Louise Bagshawe, a Conservative candidate, argues on ConservativeHome in favour of the current Conservative strategy on the NHS. Essentially, she argues that the "Stop Brown's NHS Cuts" campaign has been a political success and is highlighting an important issue.
The problem is that, whatever the short-term results of the "Stop Brown’s NHS Cuts" campaign in the long-term it could hurt the Conservative Party’s credibility. With colossal increases in healthcare budgets over the last decade it will be hard, and very unwise, to claim that the Conservatives will spend more than Brown. Reform has been set serious limits thanks to the leadership conflating it with institutional instability – where the reality is that this is only true, in the medium term at least, with too many superficial reforms.
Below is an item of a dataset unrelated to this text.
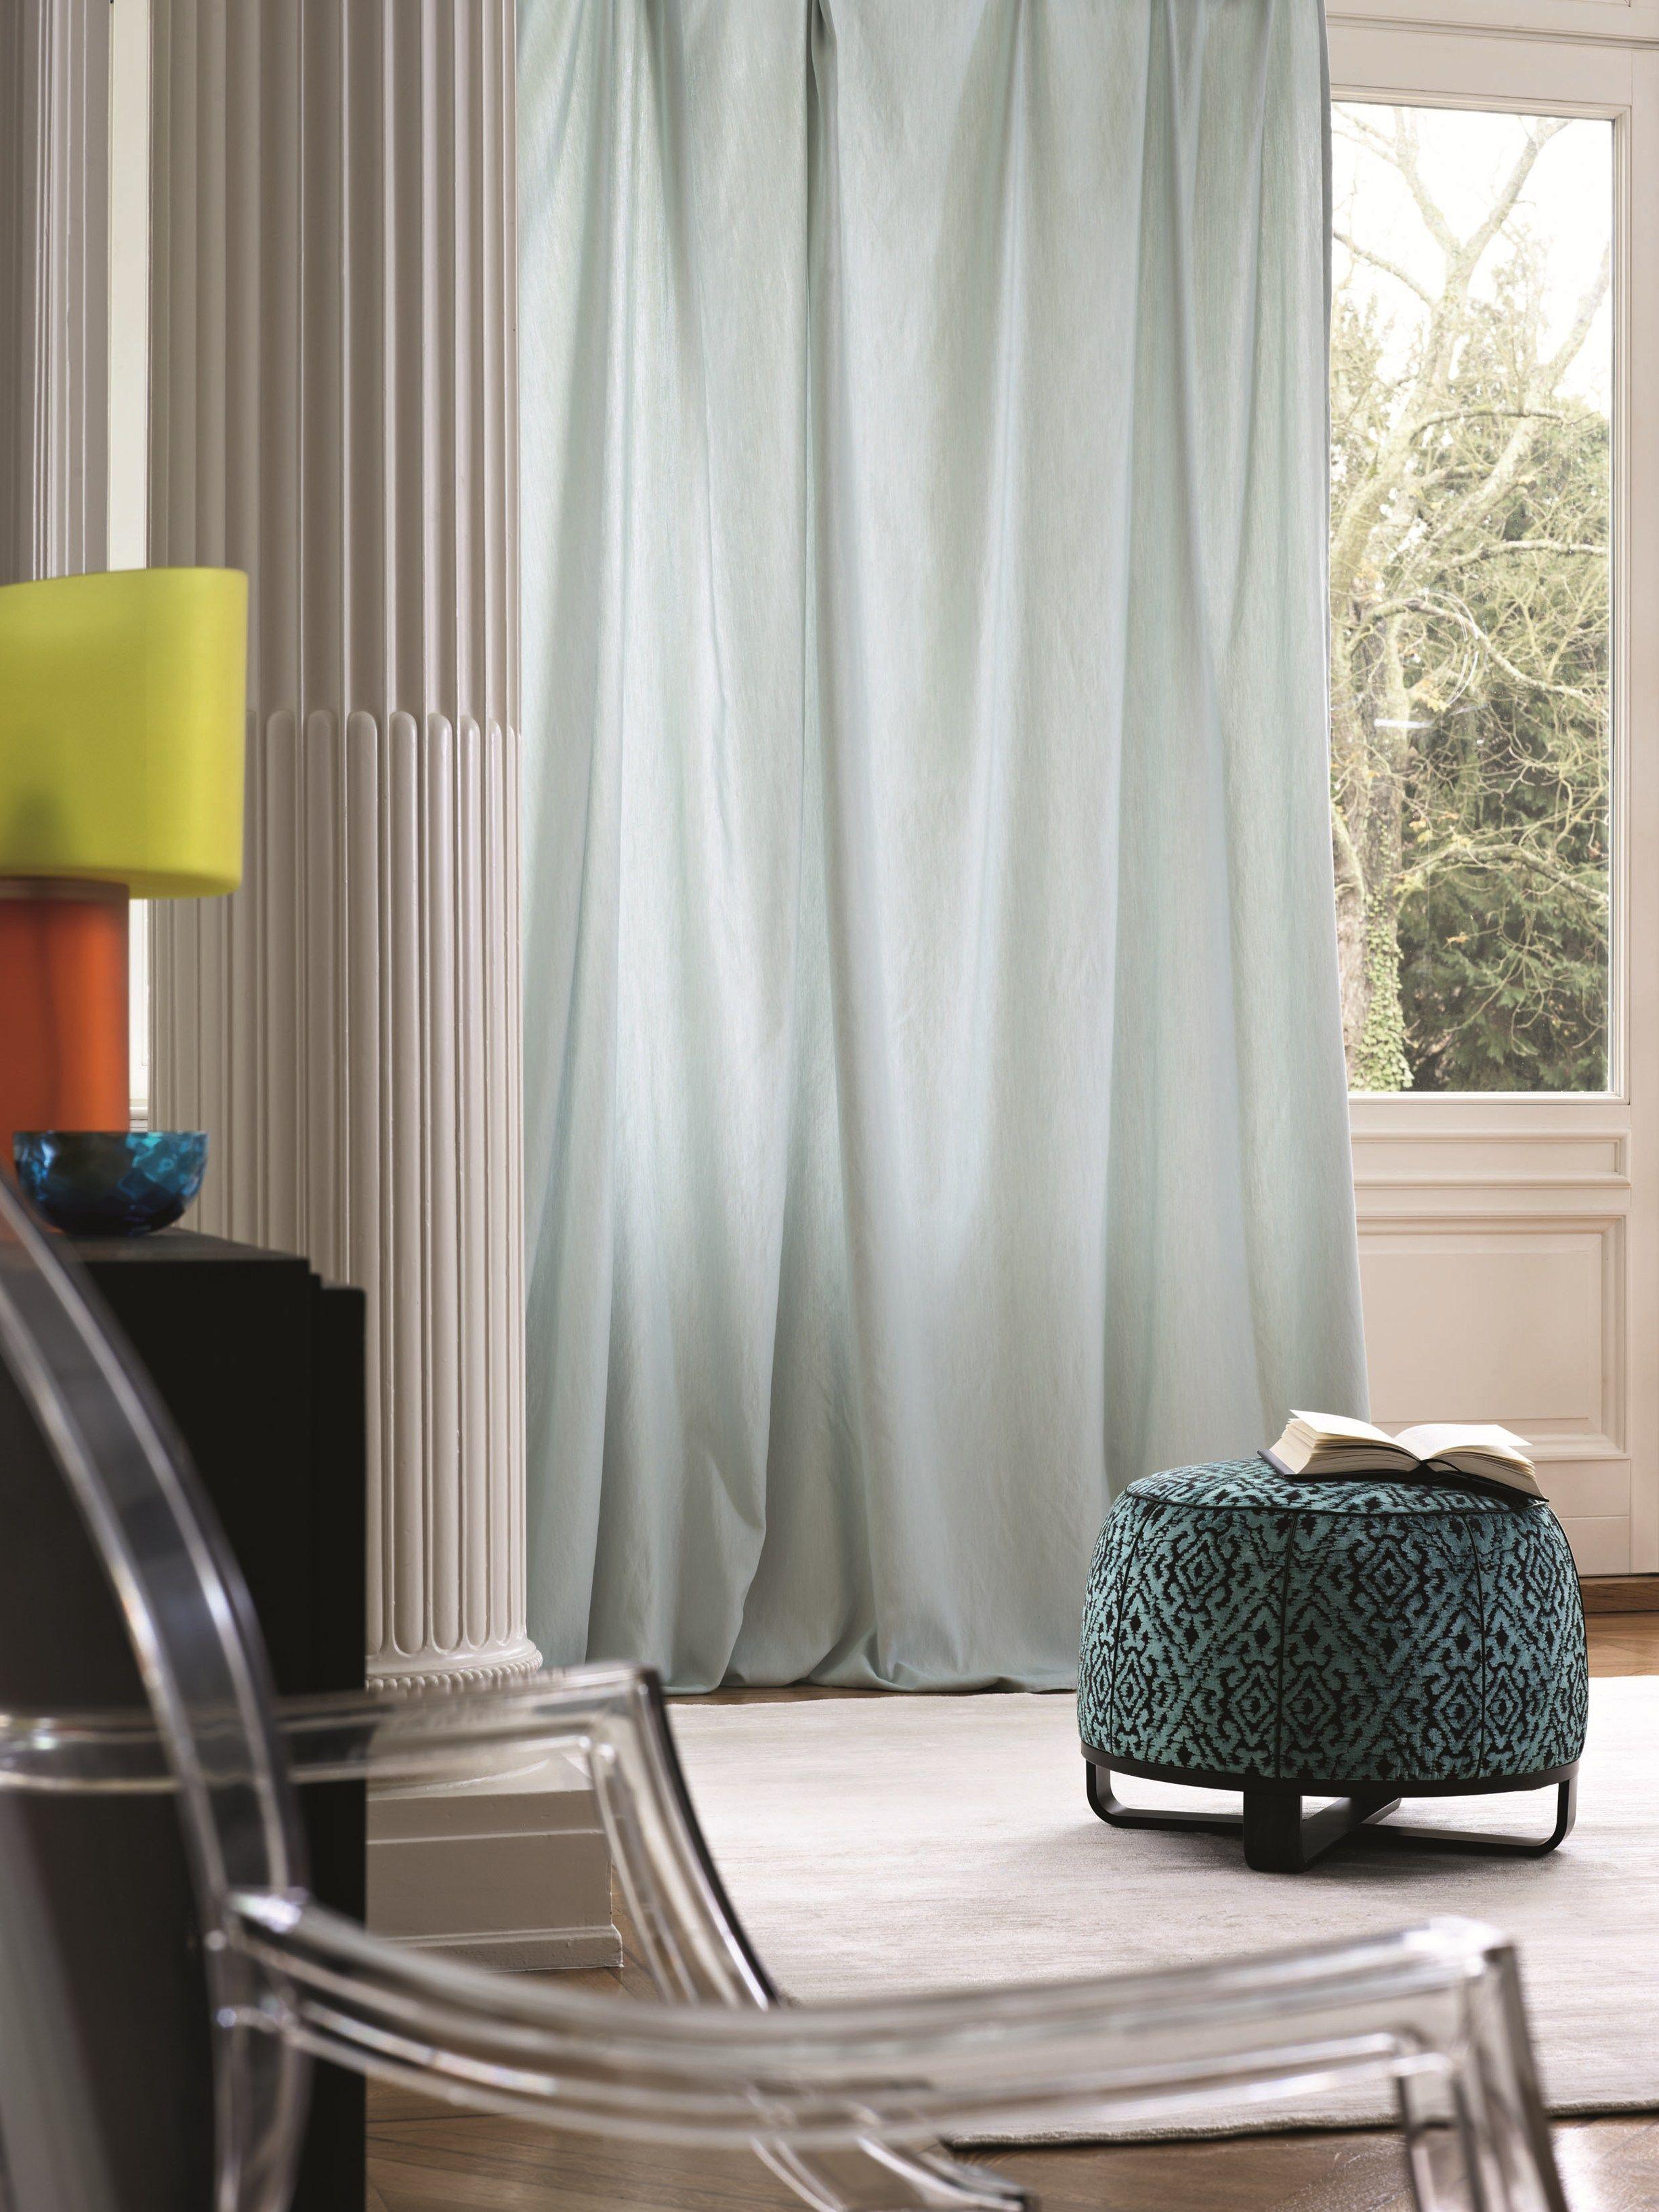 tessuto da tappezzeria con motivi grafici stimulation by. Black Bedroom Furniture Sets. Home Design Ideas

Promises to cut waste without structural reform may hold water in the short-term but will not be sufficient during an election campaign when more concrete proposals for improvement will be expected.
This campaign may do the Conservatives good in the short-term by kicking Labour where they are vulnerable but in the long-term if they cannot propose substantial reforms they will be left looking shallow and opportunistic.
Cross-posted from the TaxPayers' Alliance Better Government blog.
1 comment:
I think that healthcare is inherently an expensive sector. As such, if the tories are serious about stopping 'NHS cuts' they will have to be prepared to stump up extra cash.
Or else, they will have to be honest and tell the electorate that - in their view - if people want better healthcare they should pay for it privately via private insurance as in the US.